Artificial intelligent assistant

What happens when 2 computers transmits at the same time to a 3rd one in a full duplex switch? Consider the following scenario: I have 2 PC's (PC1 and PC2) that wants to transmit at the same time to PC3 in a full duplex ethernet switch. Let's consider that all ports are in the same VLAN, so what happens internally in the switch? Who transmits first to PC3? I have read before that CSMA/CD was used, but only it was used in earlier Ethernet versions that operated in half-duplex, and each port of the switch was a collision domain and if 2 machines attempted to transmit at the same time, an algorithm was executed to give a random time to each computer to transmit and solve the collisions problem. However, in a full duplex switch I read that the possibility of a collision is eliminated so, if 2 PCs attempt to transmit at the same time, what happens internally in the switch? Does the switch execute an algorithm to choose who transmit first?

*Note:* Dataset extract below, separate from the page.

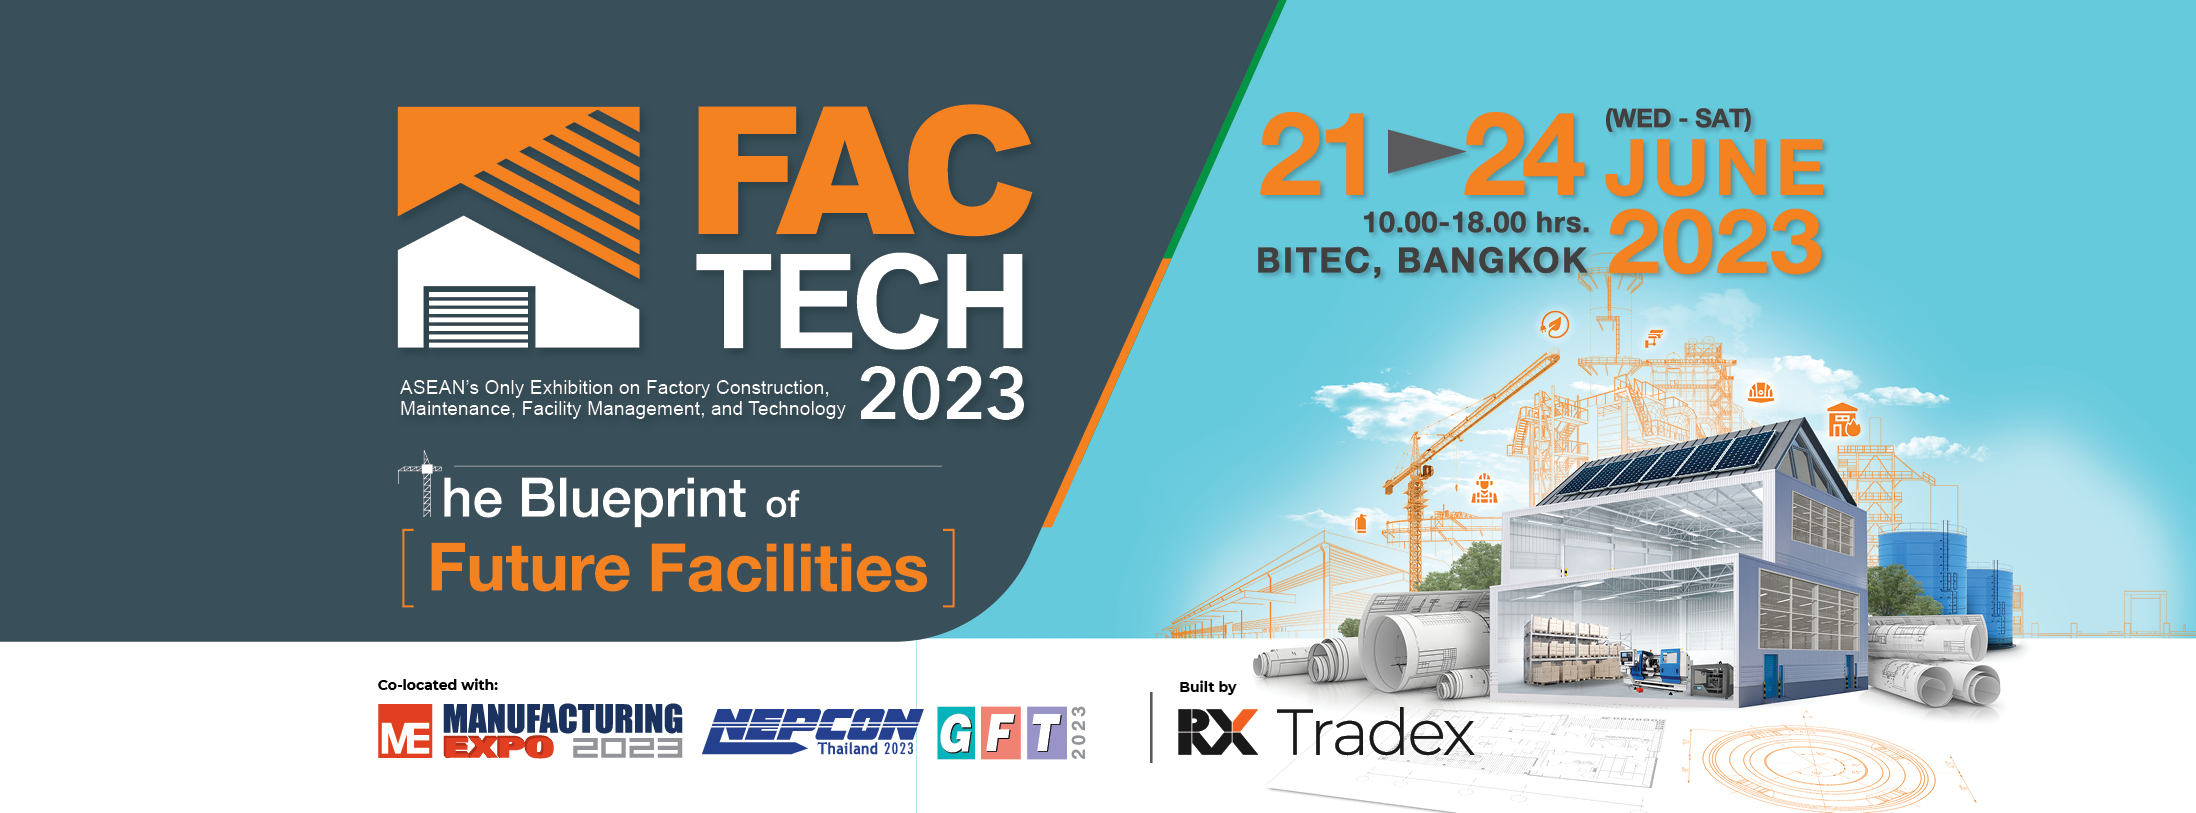 FACTECH 2023, Bangkok Thailand, Bangkok, Thailand

The switch will fully load the incoming frames of data, from the two sending systems, into its buffer(s). I'm not sure how it determines which frame would be first in the queue for subsequent forwarding; but it's probably based on initial receive time of the beginning of the frame. Then the switch works through the transmit buffer queue sending the frames out one-by-one onto the destination port/segment.

There's no issue with frames "running into each other." The real issue is can the ultimate port/segment accept the frames fast enough. (And, of course, can the switch process its buffer/queues fast enough.)